Researchers at the Hebrew University of Jerusalem discovered a way to transform a magnetic resonance imaging (MRI) machine into a device that can record changes in the biological makeup of brain tissue and help doctors determine earlier onset of diseases such as Alzheimer’s in order to begin treatment.
The findings were published on Tuesday in Nature Communications by Dr. Aviv Mezer and his team at HUJI’s Edmond and Lily Safra Center for Brain Sciences.

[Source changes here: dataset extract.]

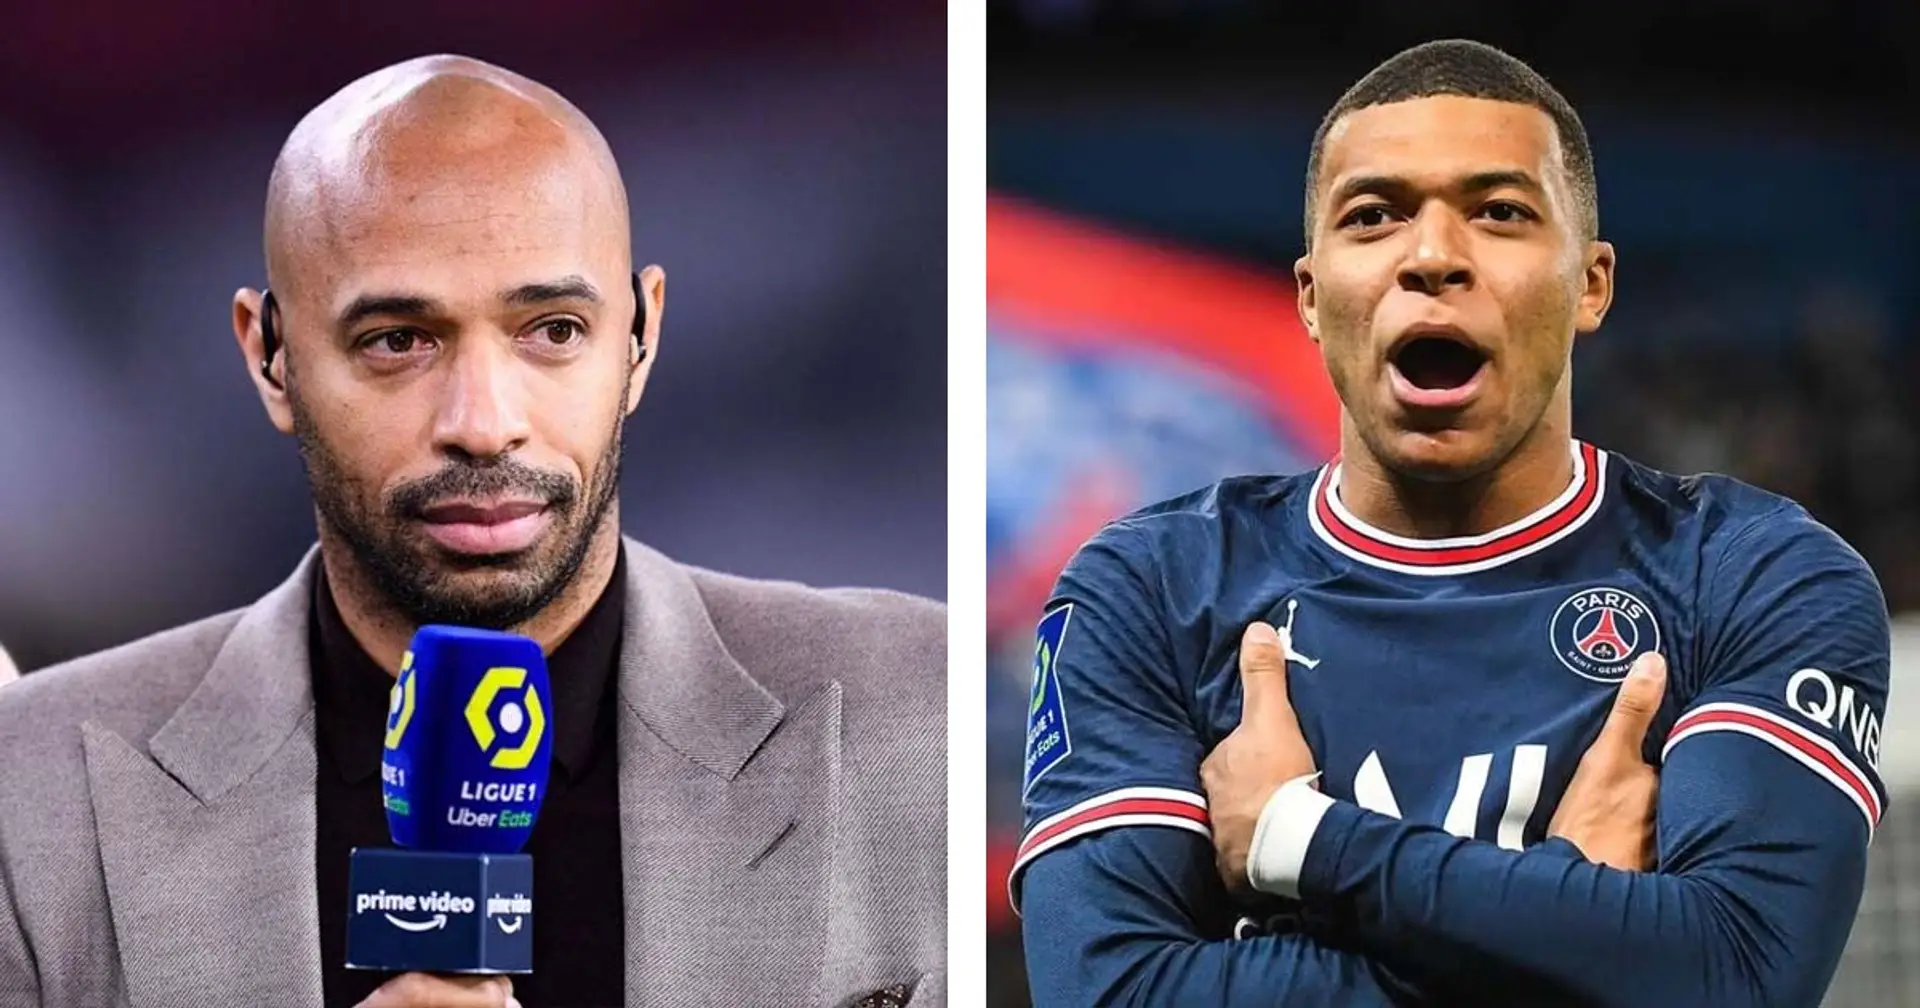 "Soyons contents qu’il soit Français", Thierry Henry accorde une longue interview à la gloire de Mbappé

An aging brain or one that is affected by a developing neurodegenerative disease, such as Alzheimer’s or Parkinson’s, is marked by changes in the lipid and protein content of the brain tissue. Typical MRI scans do not detect these changes.
“MRI scans are already sensitive to these molecular changes, but until now, they were ignored, as all of the information comes in one block,” Mezer told The Times of Israel. “This [new tool] would provide physicians with a fuller picture of what is going on in the brain.”
Mezer added that the new model could pave the way for “doctors to compare brain scans taken over time from the same patient, and to differentiate between healthy and diseased brain tissue without resorting to invasive or dangerous procedures, such as brain-tissue biopsies that are currently done in cases of brain tumor.”
The new MRI technique will also provide more knowledge into how the brain ages, and the researchers believe that it can be also be used in the MRI of other body organs.
The model can already be applied to all MRI scanners.